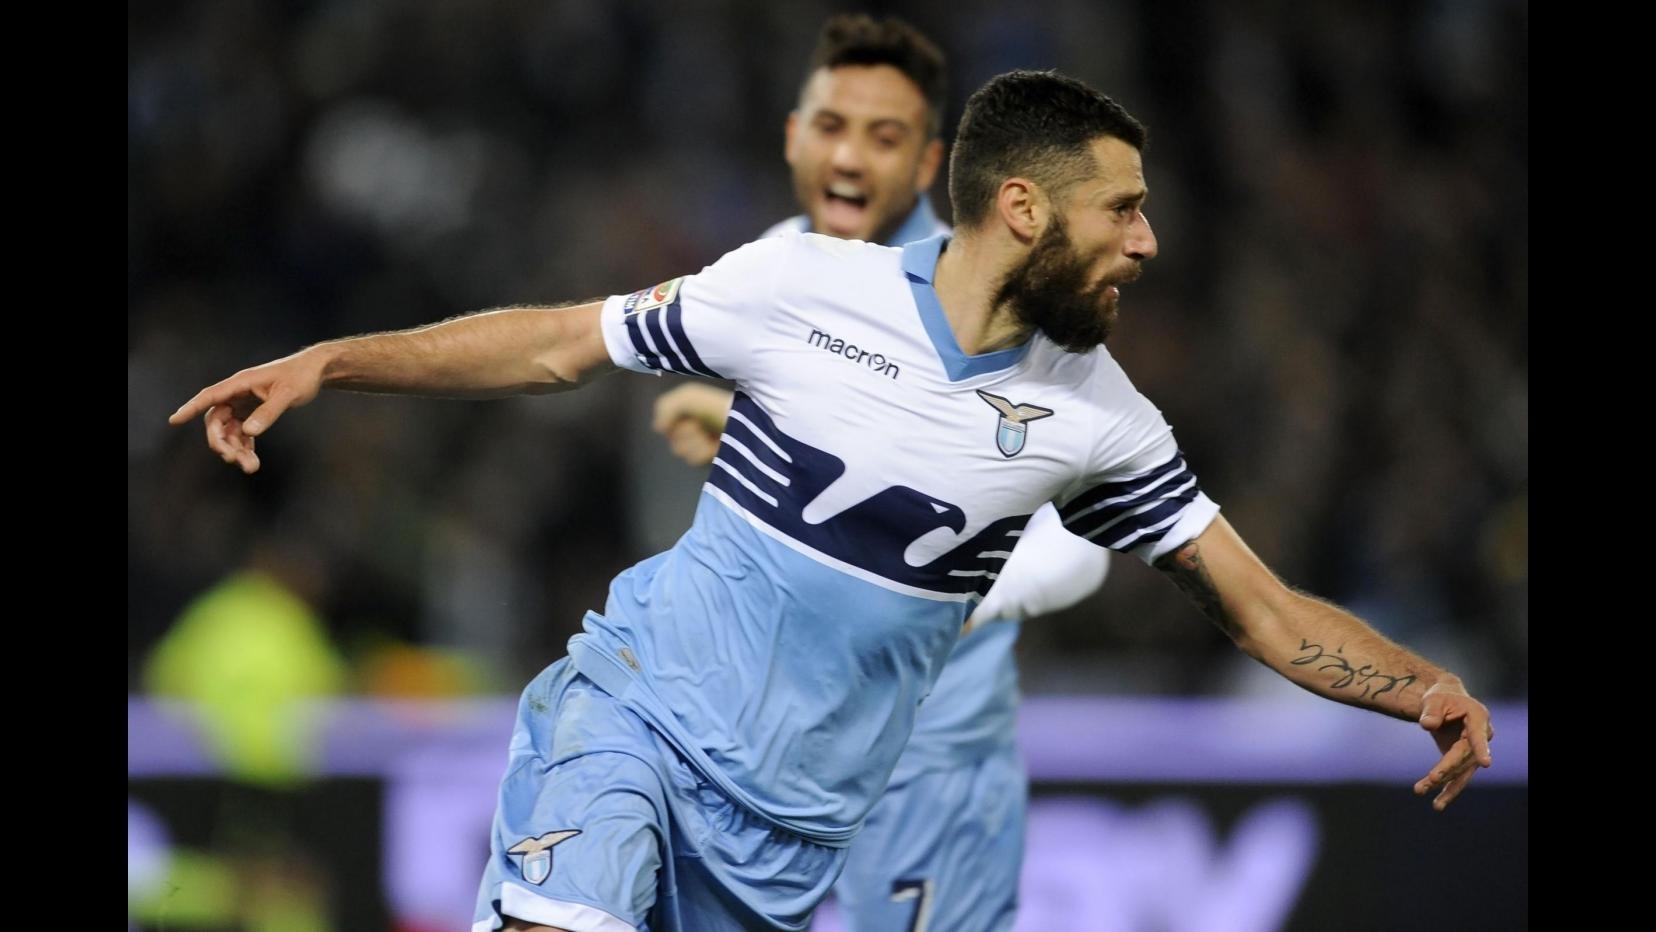 Serie A, la Lazio non si ferma più: Verona battuto 2-0, a segno Anderson e Candreva
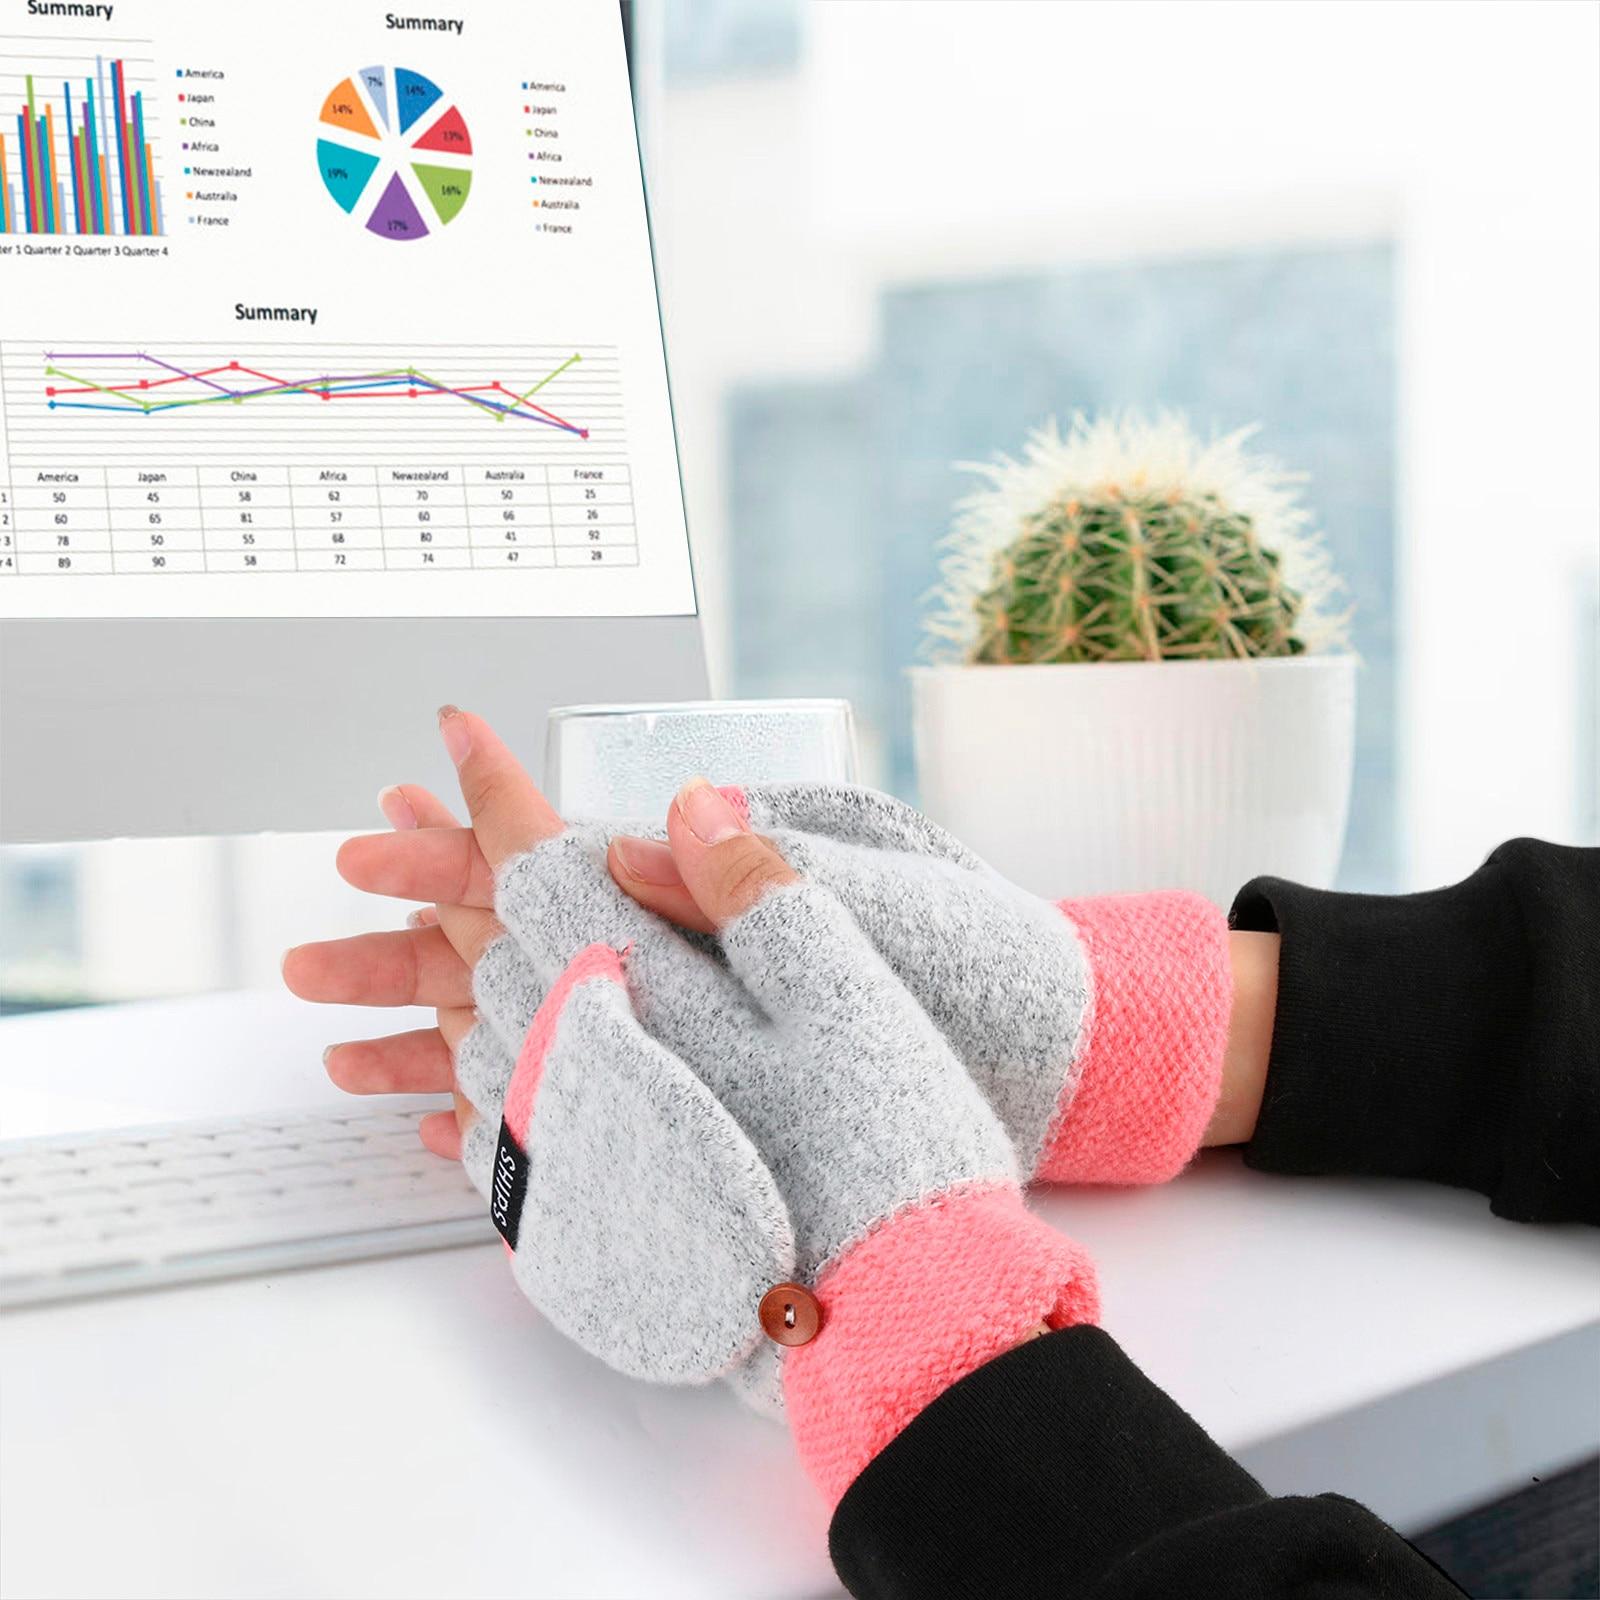 Women Men USB Heated Gloves Full & Half Finger Winter Keep Warm Knit Convertible Flip Top Fingerless Mittens Gloves Перчатки #M
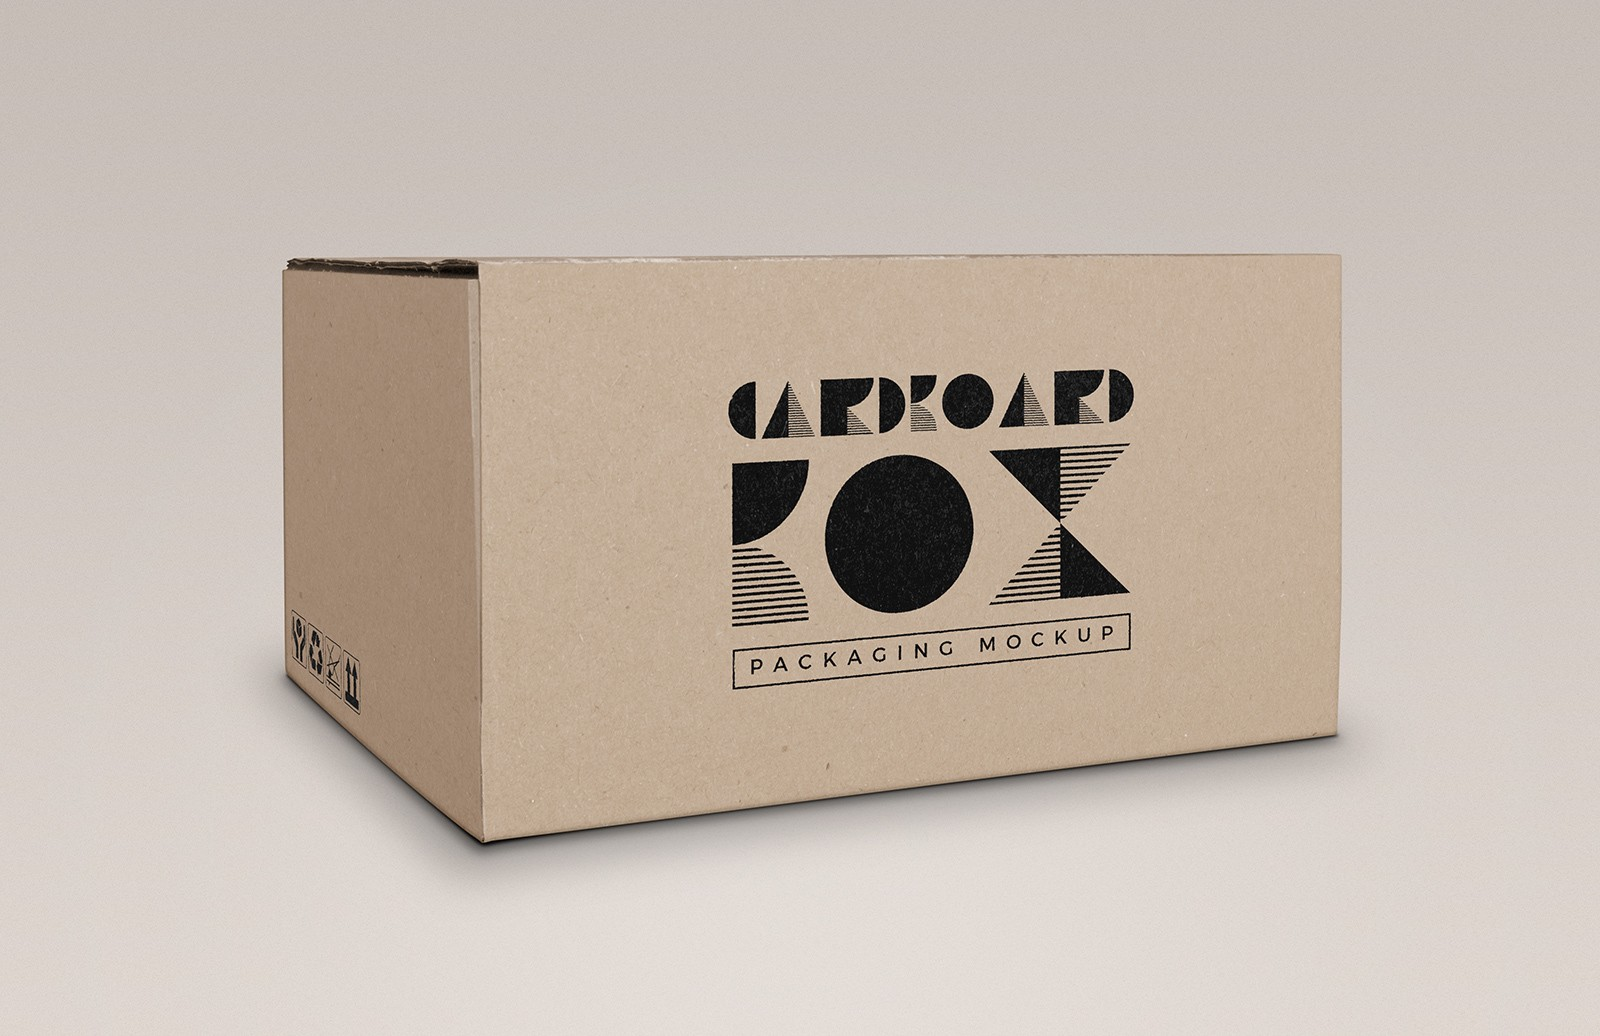 cardboard box packaging mockup medialoot
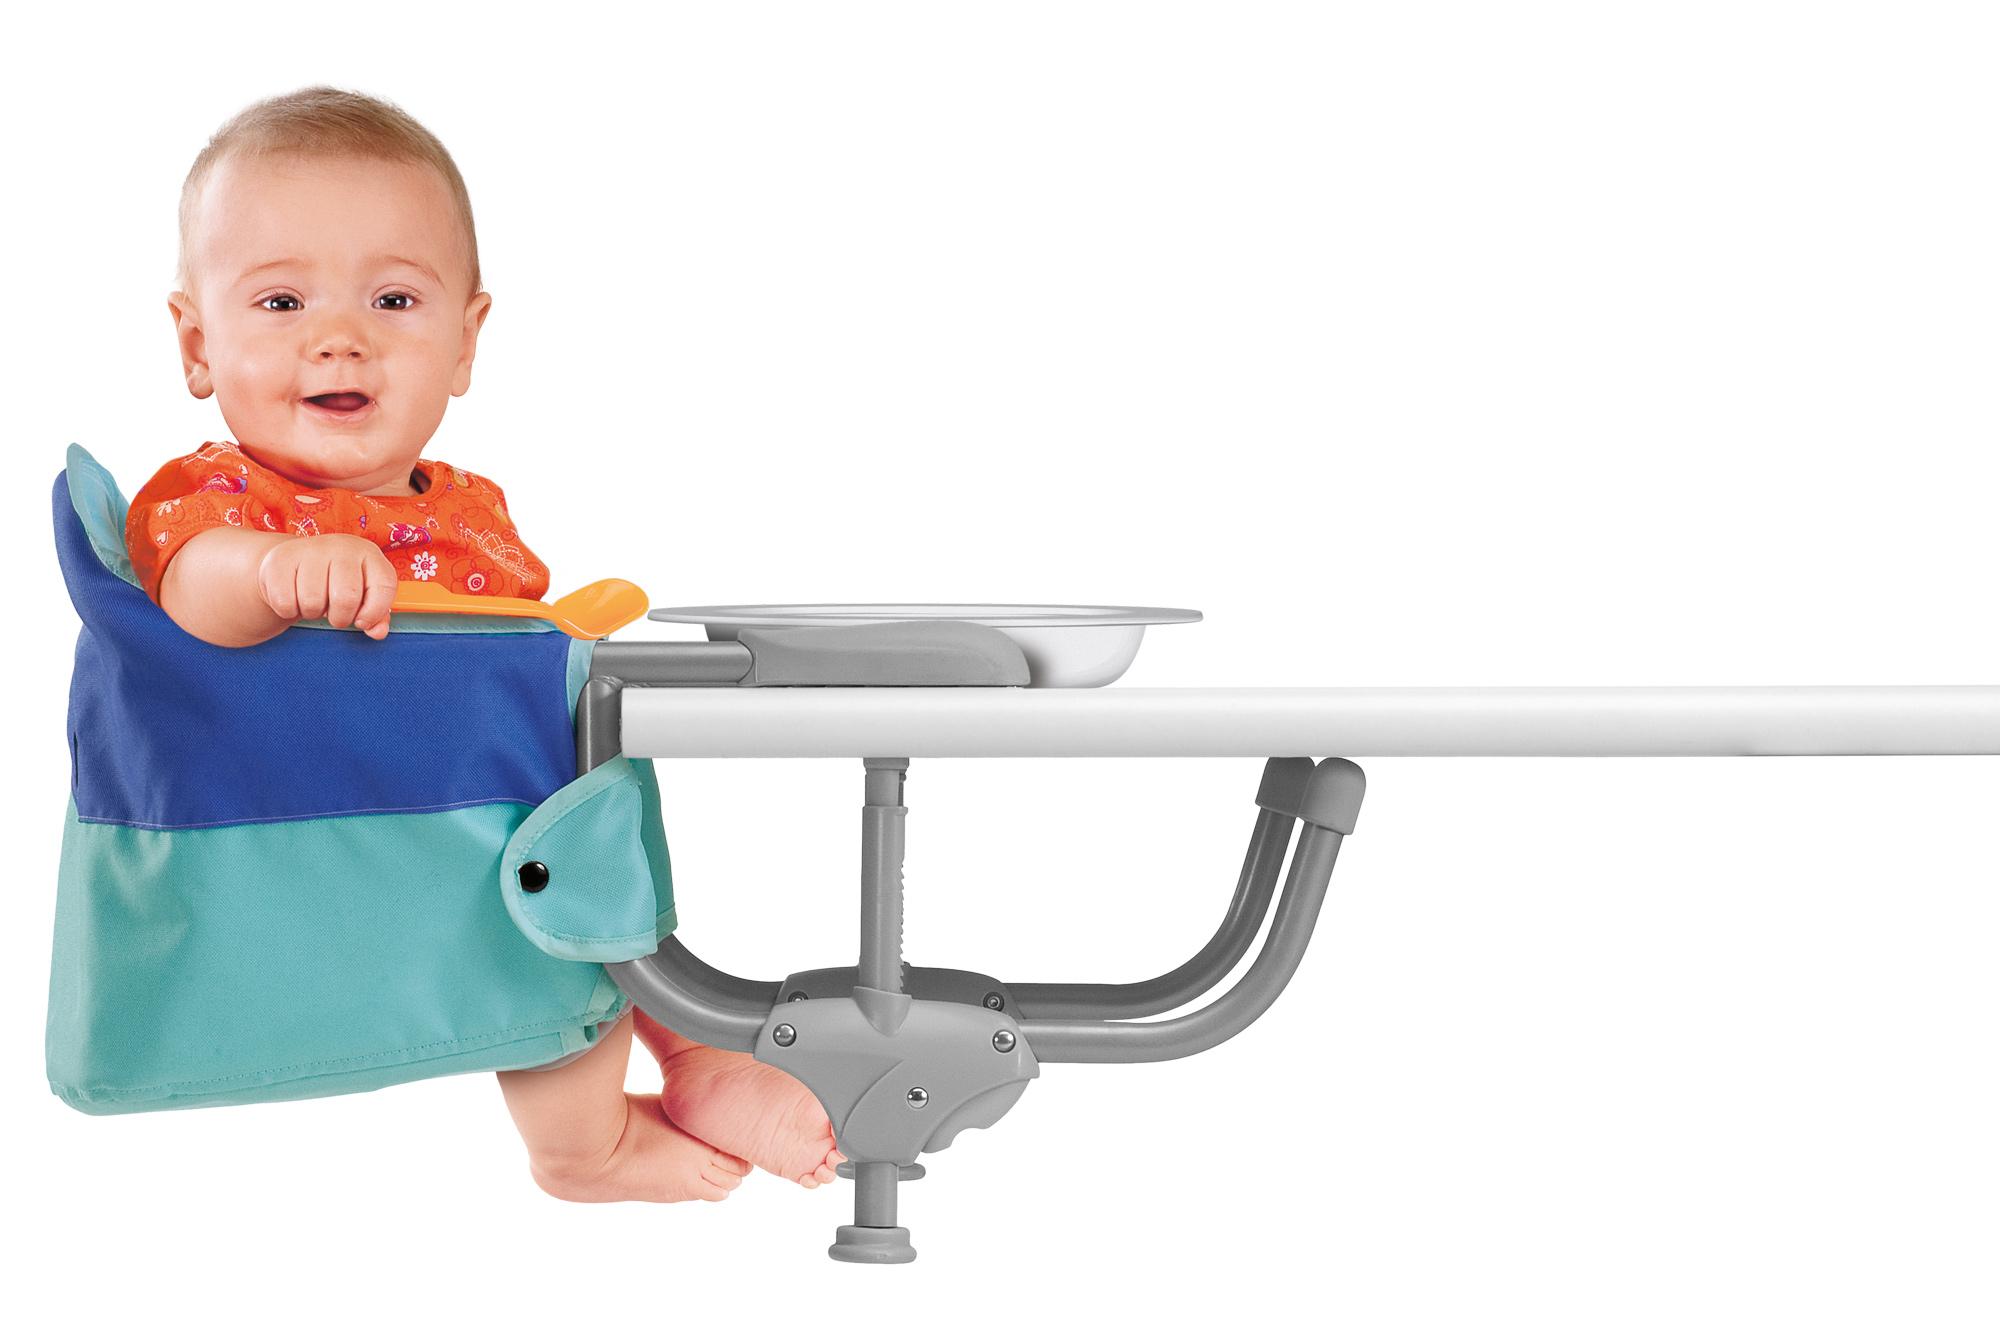 Scaun copii atasabil la masa Chicco Easy Lunch, Marine, 6luni+

> Problem to solve:
Once the line with "cardboard box packaging mockup medialoot" is found, write out that line and every later line of the listing above exactly, through the last one, and skip any pictures.

> Exercise response:
 cardboard box packaging mockup medialoot
 Scaun copii atasabil la masa Chicco Easy Lunch, Marine, 6luni+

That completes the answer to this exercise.